Apple, SSL, and the Importance of Updating Your Software

Before we begin: please take a minute to update all of your iOS devices to the latest iOS version, iOS 7.0.6. Do that now. It takes five minutes. I’ll wait.

Done? Good. Here’s why you needed that update: Apple’s iOS and OSX operating systems, the software that makes your iPhone an iPhone and your Mac a Mac, had a coding error that undermined basic security features protecting your data from hackers. Fortunately, Apple was quick to issue a patch (which, may I remind you, should be downloaded now). Coincidentally, the timing of this happened when Mobile World Congress, the largest mobile conference in the world, is taking place and demonstrates that our reliance on mobile technology and the Internet of Things introduces more need than ever for strong security measures.

What Happened?

What experts in the field have theorized is that the flaw was the result of human error; there was an extra line of code in the ecosystem’s Secure Sockets Layer (SSL). This layer essentially acts as a signal that allows a browser, like Safari, to verify its identity to a server. SSL acts as the electronic equivalent of a secret handshake between two people who’ve never met before.

But that extra line of code completely sidelined the secret handshake. Point is: the flaw made it so the SSL encryption couldn’t verify who was who to servers, leaving you, the consumer, open to a “man in the middle” attack.

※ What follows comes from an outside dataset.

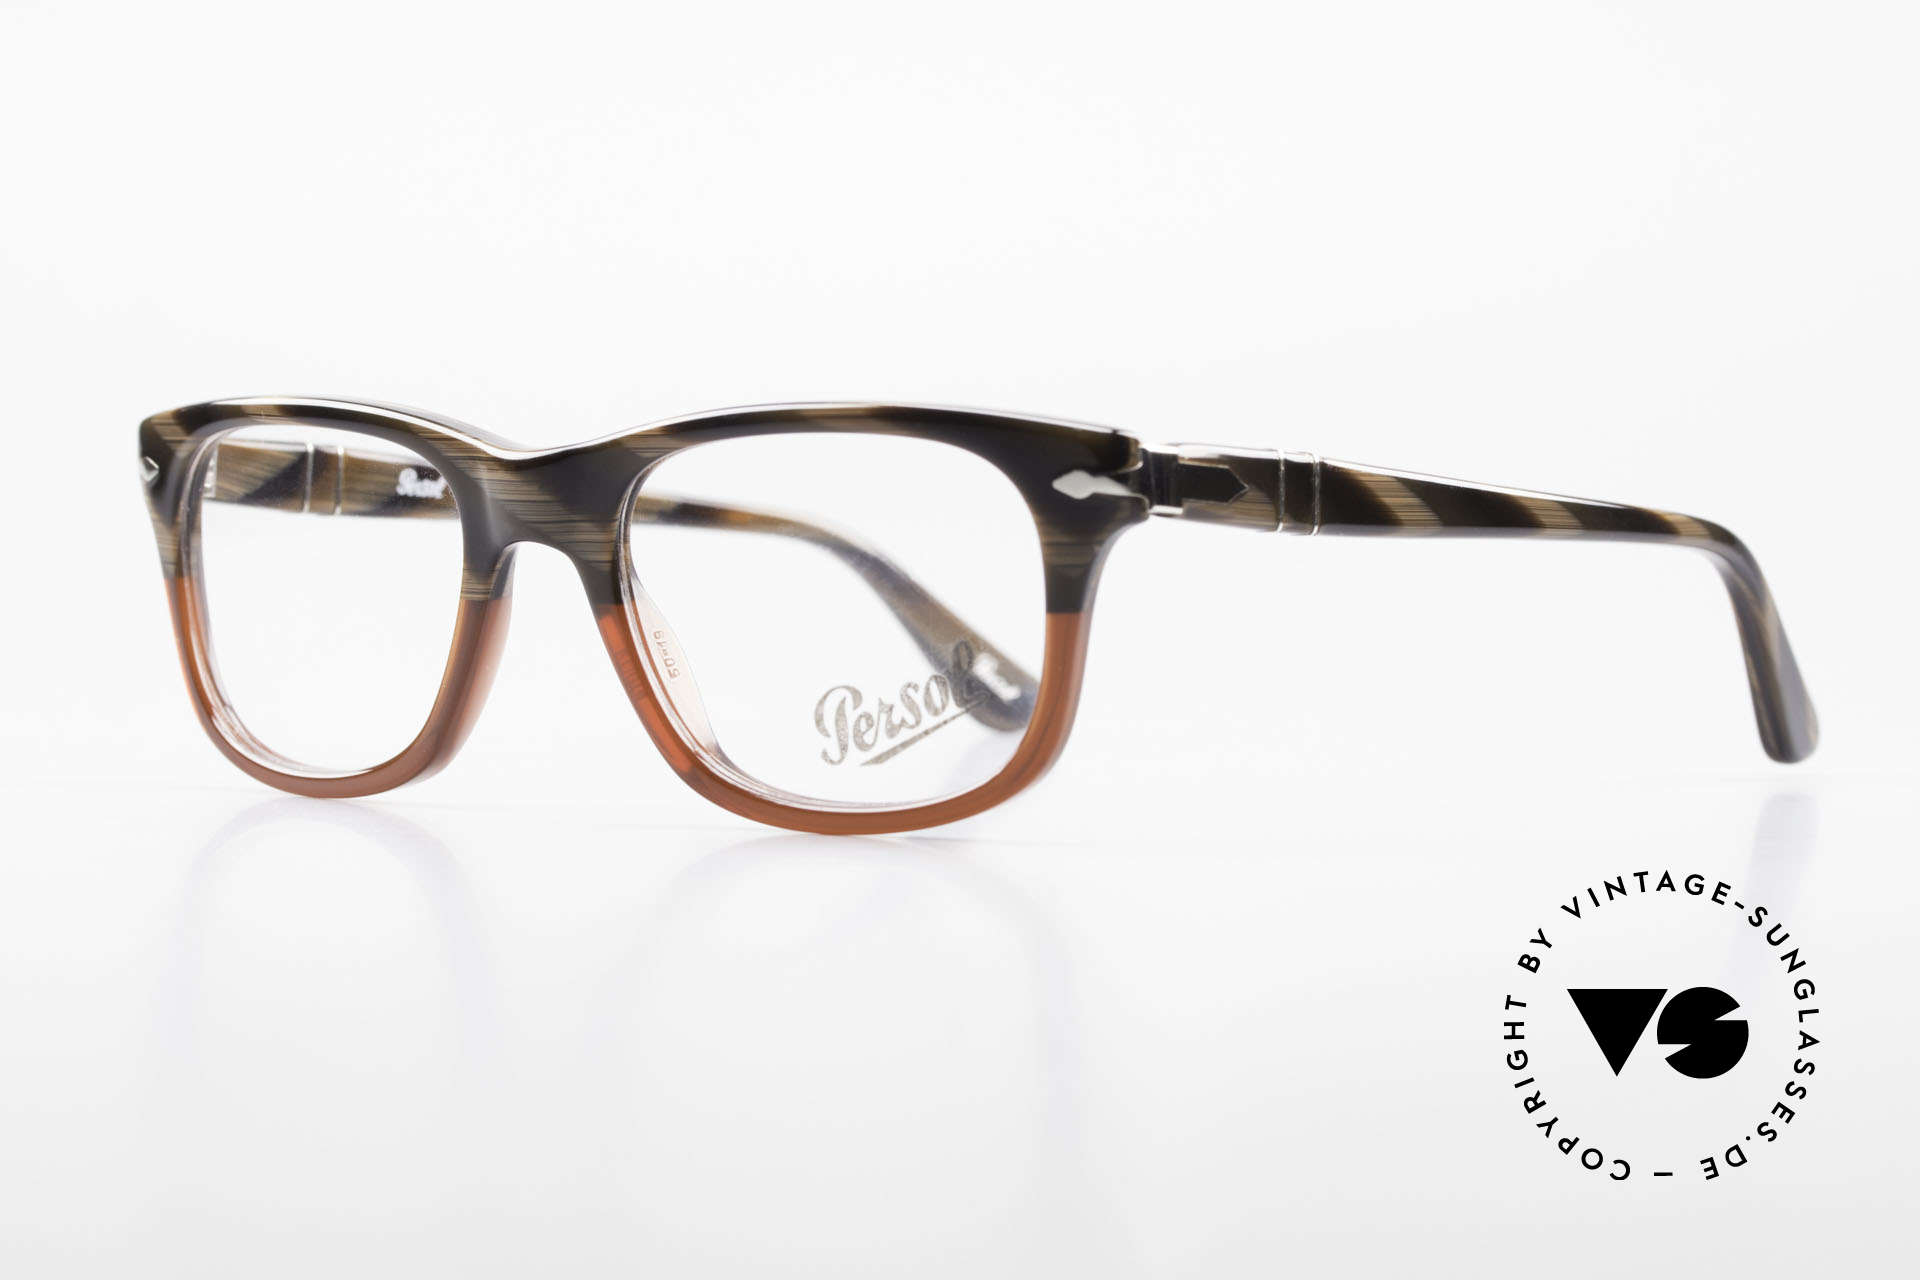 Persol 3029 Small Persol Eyeglasses Unisex, unworn (like all our classic PERSOL eyeglasses), Made for Men and Women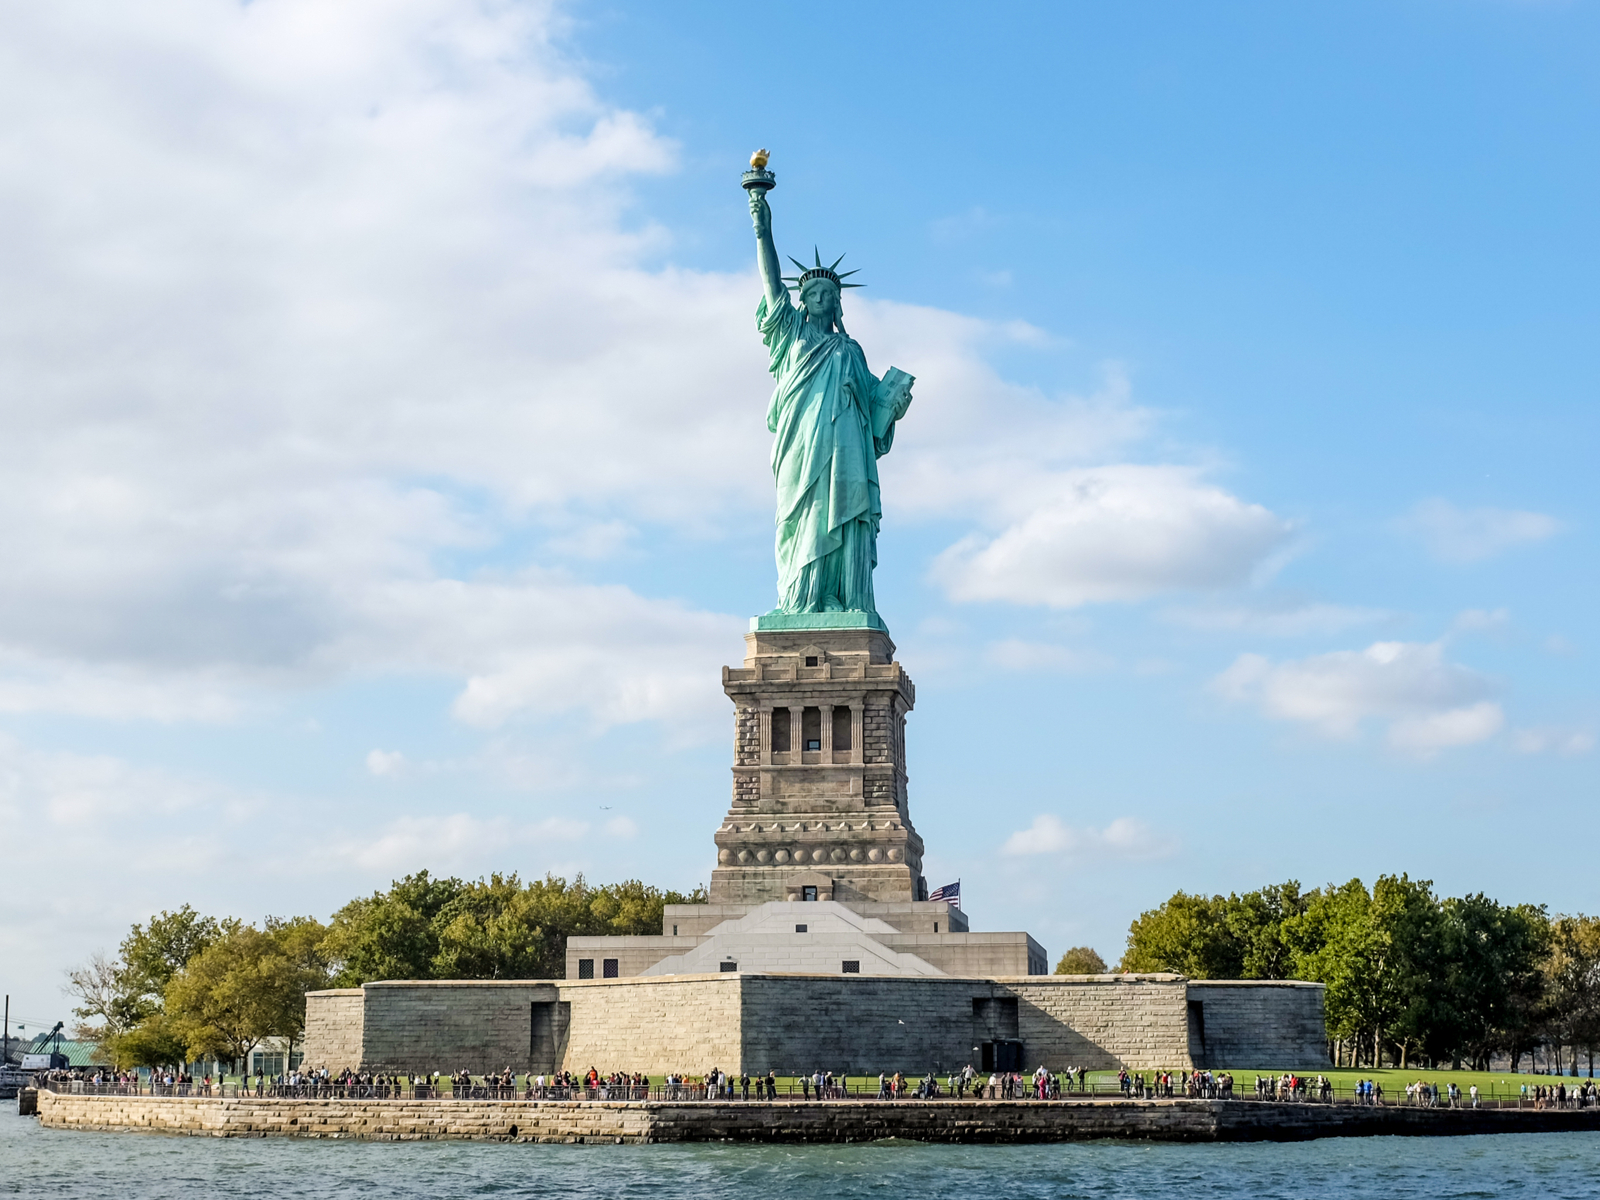 Image of the Statue of Liberty, one of the best things to do in New York City

A man in the middle attack is an attack which lets a person sharing the same network you’re using—say a Starbucks or other public Wi-Fi connection—to read and record any interaction between a user and a website. Sometimes these attackers can pose as either the website, user, or both in order to extract more information—usually for exploitation. In the case of Apple’s security vulnerability, everything from iMessage to mail and iCal were  exposed to this attack. That means any sensitive information, from personal info to financial info, can be intercepted, read and stolen with relative ease.

So Am I Being Hacked Right Now?

In all likelihood: probably not. Man in the middle attacks often require the hacker to share the same Wi-Fi network that you’re using. They need to be close, and those who’re inclined to exploit this bug are often using public Wi-Fi networks to sift through dozens of connections at a time. While it’s not impossible, deploying such an attack on a massive scale is very difficult, even for seasoned hackers.

How Do I Make Sure I’m Not Exposed?

Simple: update your iPhone, iPad and Mac computer as soon as possible. There is a new version of iOS 7 available for download now that solves this issue on iPhones and iPads. Apple has also released an update for the Mac OS, called OS X version 10.9.2. Otherwise, the best thing you can do is to avoid using public Wi-Fi networks, and avoid using the default Mac Safari browser, email client, iCalendar, iMessage and other Apple software products while on public networks.

Here are a few additional tips to keep in mind going forward:

  • Always update: This goes for all software and not just Apple products—always run updates as soon as you can. Staying up to date with the latest version of your software, from a security standpoint, is a necessity. Updates often include security patches and new features that can protect your devices from attacks.
  • Avoid using public Wi-Fi Networks: While convenient, publicly available Wi-Fi connections are often unmonitored and are the frequent targets of hackers. Using a comprehensive security suite, like McAfee LiveSafe™ service can help protect your personal devices, including smartphones, tablets, PCs, and Macs from cybercriminals.
  • Update passwords frequently: By frequently updating your passwords you put up another roadblock in front of hackers. And today there’s very little reason to not update them frequently. McAfee SafeKey, a password manager, included in McAfee LiveSafe, can generate complex passwords, remember them for you and log you into accounts automatically.